DICHIARAZIONI CONFERENZA STAMPA
La Maglia Rosa Steven Kruijswijk: “Per me è una giornata storica. Ho perso la tappa di un nonnulla ma ho guadagnato più tempo di quanto pensassi sui miei rivali. Non avrei mai pensato di essere in testa il weekend prima dell’ultima settimana. Sono nella miglior forma della mia carriera. Trattandosi di una cronometro corta sapevo di dover partire subito forte. Ho poi trovato il ritmo ideale ma gli ultimi due chilometri erano davvero duri. Non ho ancora vinto il Giro ma spero di difendere la Maglia Rosa fino alla fine. Ho fiducia nella mia squadra ma Chaves, Nibali e Valverde sono tutti ugualmente pericolosi. Non conosco le prossime tappe di montagna in dettaglio ma so che le ultime due saranno molto impegnative a causa dell’altitudine”.

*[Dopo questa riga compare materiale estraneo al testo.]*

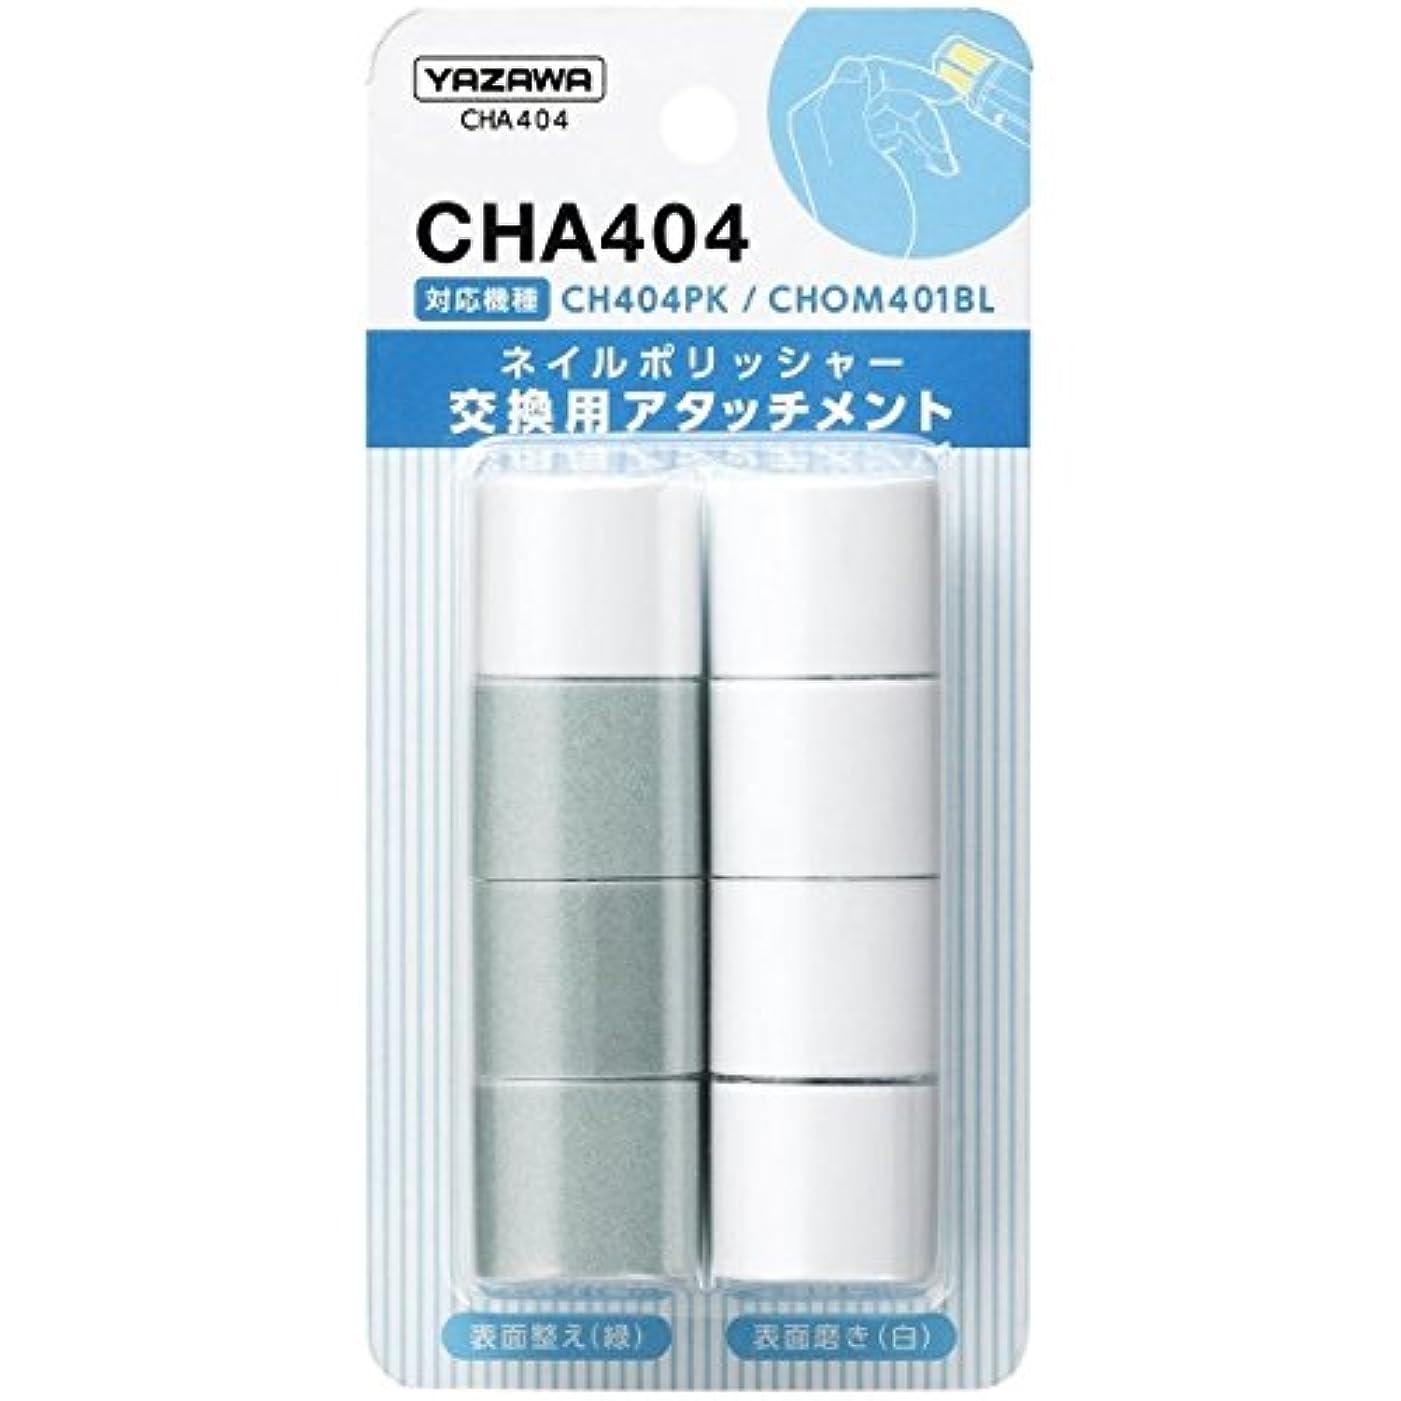 させるファセット抑止するYAZAWA(ヤザワコーポレーション) ネイルポリッシャー交換用アタッチメント CHA404

Il vincitore di tappa Alexander Foliforov: “Ero molto teso mentre stava arrivando la Maglia Rosa perché vedevo le immagini in TV. Ho pensato che Kruijswijk vincesse. Ancora non posso credere di aver vinto una tappa al Giro d’Italia! Le cronoscalate sono la mia specialità. Ne ho vinta una simile al GP Sochi in Russia [su una distanza di 10,3 km lo scorso anno] e sono arrivato quinto in un’altra al Giro della Valle d’Aosta [su una distanza di 9,2 km da Champdepraz a Covarey dietro Fabio Aru, Kenny Elissonde, Joe Dombrowski e Ilnur Zakarin all’età di 18 anni]. La vittoria di oggi è molto importante per la nostra squadra, per i nostri sponsor e per me, soprattutto considerando che siamo qui come wildcard. Abbiamo dimostrato che possiamo lottare e vincere una tappa”.